Yournotify Security & Risk Analysis

The "yournotify" plugin v2.1.7 presents a mixed security posture. On the positive side, it demonstrates good practices by utilizing prepared statements for all SQL queries, a high percentage of properly escaped output, and a lack of dangerous functions, file operations, or bundled libraries. The vulnerability history is also clean, indicating a generally well-maintained plugin. However, there are significant concerns regarding the attack surface, particularly the presence of multiple unprotected entry points.

Specifically, the analysis reveals 10 AJAX handlers with 5 lacking authentication checks and 8 REST API routes with 1 missing permission callbacks. While no critical or high-severity taint flows were identified, the "flows with unsanitized paths" are a concern as they could potentially lead to vulnerabilities if exploited, even if not immediately critical. The lack of nonce checks on some AJAX handlers is a common oversight that can be exploited for cross-site request forgery (CSRF) attacks.
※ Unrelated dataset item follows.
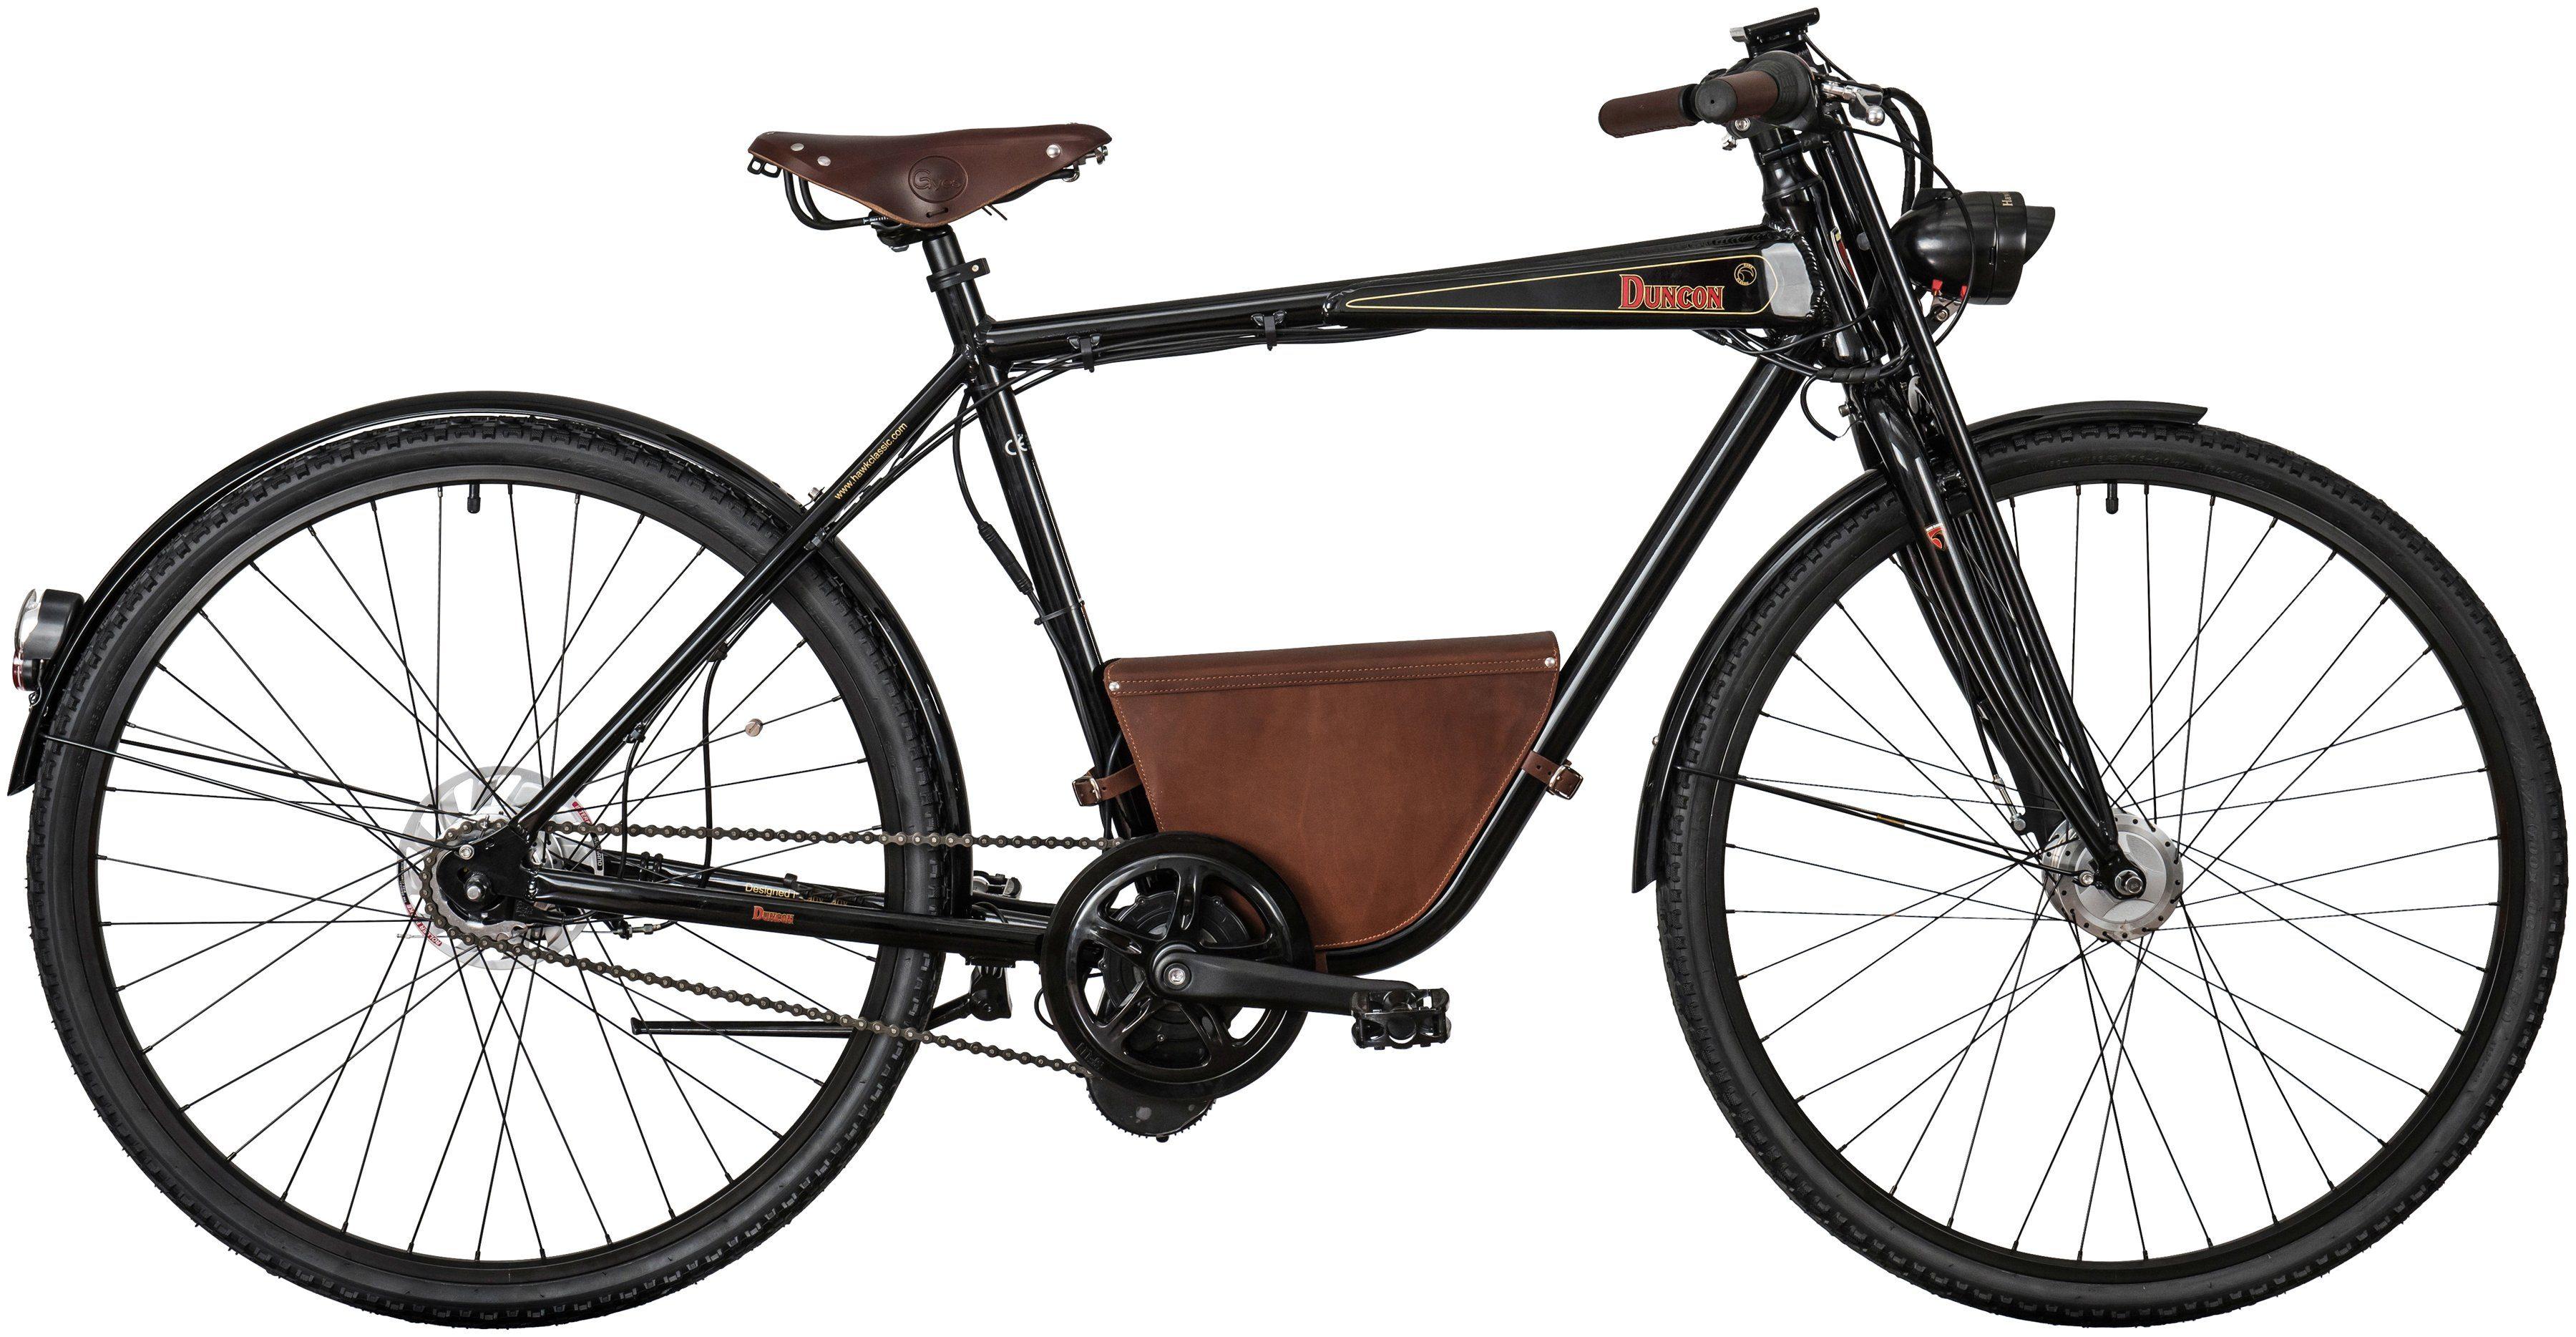 Hawk E-Bike City Herren »Duncon«, 28 Zoll, 7 Gang, Mittelmotor, 482 Wh

The vulnerability history, while currently empty, does not guarantee future security, and the identified unprotected entry points remain a primary risk.

In conclusion, "yournotify" v2.1.7 has strengths in its code hygiene for database interactions and output handling. However, the substantial number of unprotected AJAX handlers and REST API routes presents a significant risk. Developers should prioritize implementing proper authentication and permission checks on all exposed endpoints to mitigate potential exploits. The identified unsanitized paths also warrant investigation and remediation.